Jamal Dajani () is a Palestinian-American journalist and an award-winning producer. He is the co-founder of Arab Talk Radio. He formerly served as Director of Strategic Communications & Media for former Palestinian Prime Minister Rami Hamdallah. Prior to this he was Vice President of Middle East and North Africa at Internews. He is currently a lecturer at San Francisco State University.

Biography

Born in Jerusalem to a prominent Palestinian family that served as custodians of King David’s mausoleum in Mount Zion, Dajani completed his early studies at Collège des Frères and attended Columbia University in New York City, where he received a B.A. in Political Science.

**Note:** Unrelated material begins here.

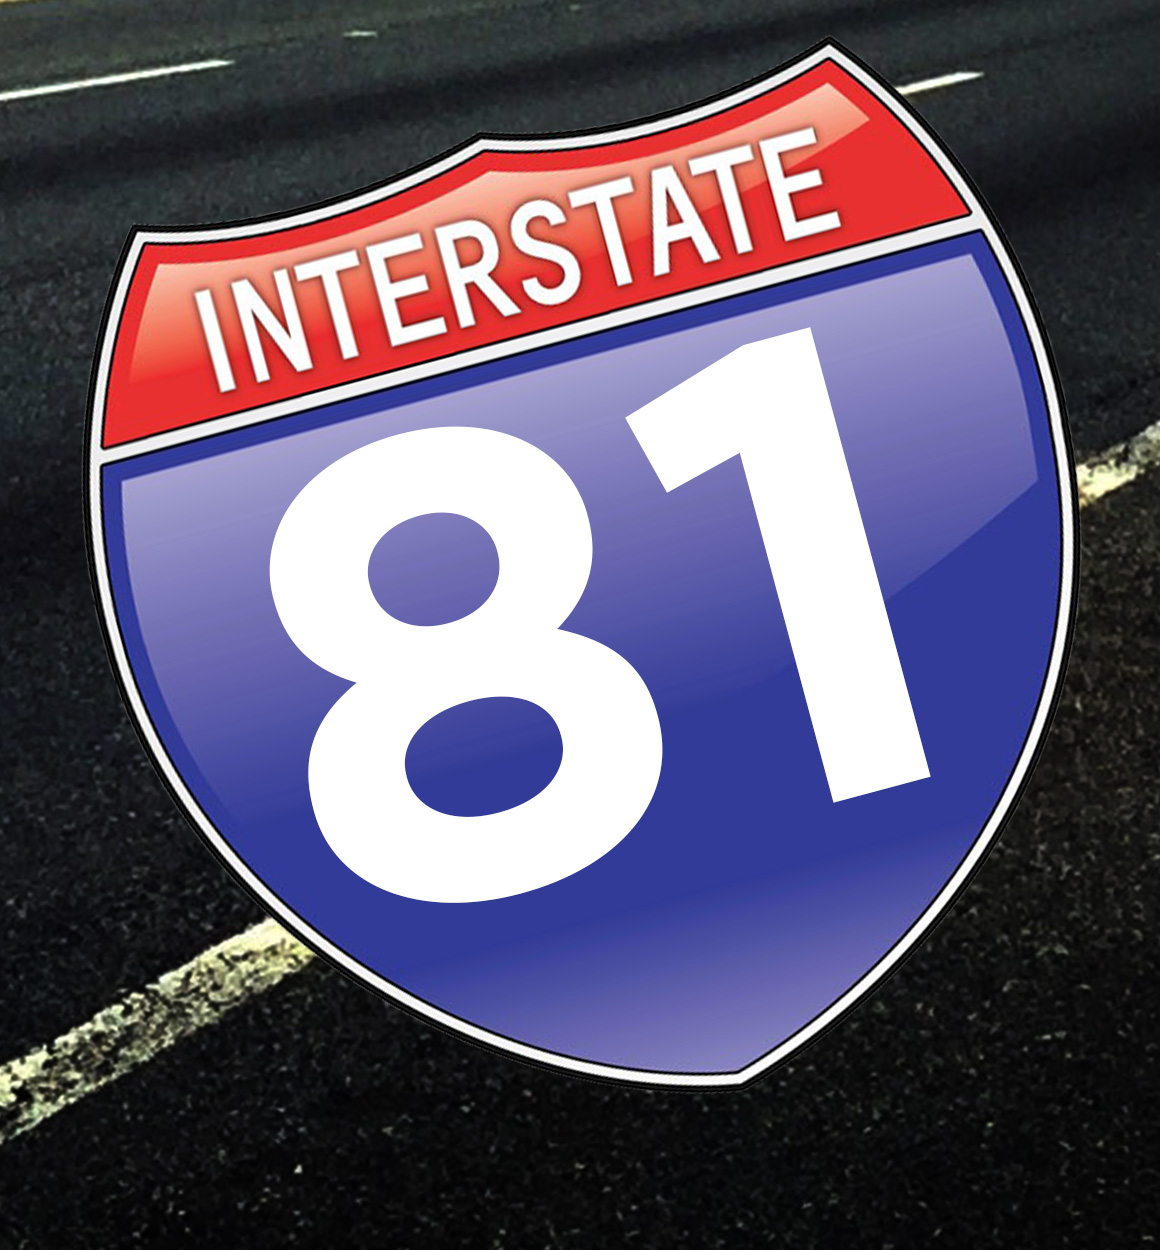 interstate 81 ots_1554321960548.jpg.jpg

Dajani is former Vice President of Middle East and North Africa at Internews, an international non-profit organization whose mission is to empower local media worldwide to give people the news and information they need, the ability to connect and the means to make their voices heard. Prior to this, he was the Vice President of International News at Link TV and co-creator and series producer of Mosaic: World News from the Middle East, winner of a Peabody Award. In 2006, Dajani launched the Mosaic Intelligence Report, a weekly video analysis broadcast on Link TV and distributed online. He has also worked as producer and in an editorial capacity on several television productions, including Occupied Minds (a documentary about the Palestinian-Israeli conflict), Who Speaks for Islam?, and PBS Frontline World War of Ideas, where he acted .
as a consultant. Dajani has made guest appearances on numerous television and radio networks, and is a contributor to the Listening Post on Al Jazeera English. He has published several articles on the Middle East and blogs regularly on The Huffington Post. He is the co-host of Arab Talk on KPOO radio.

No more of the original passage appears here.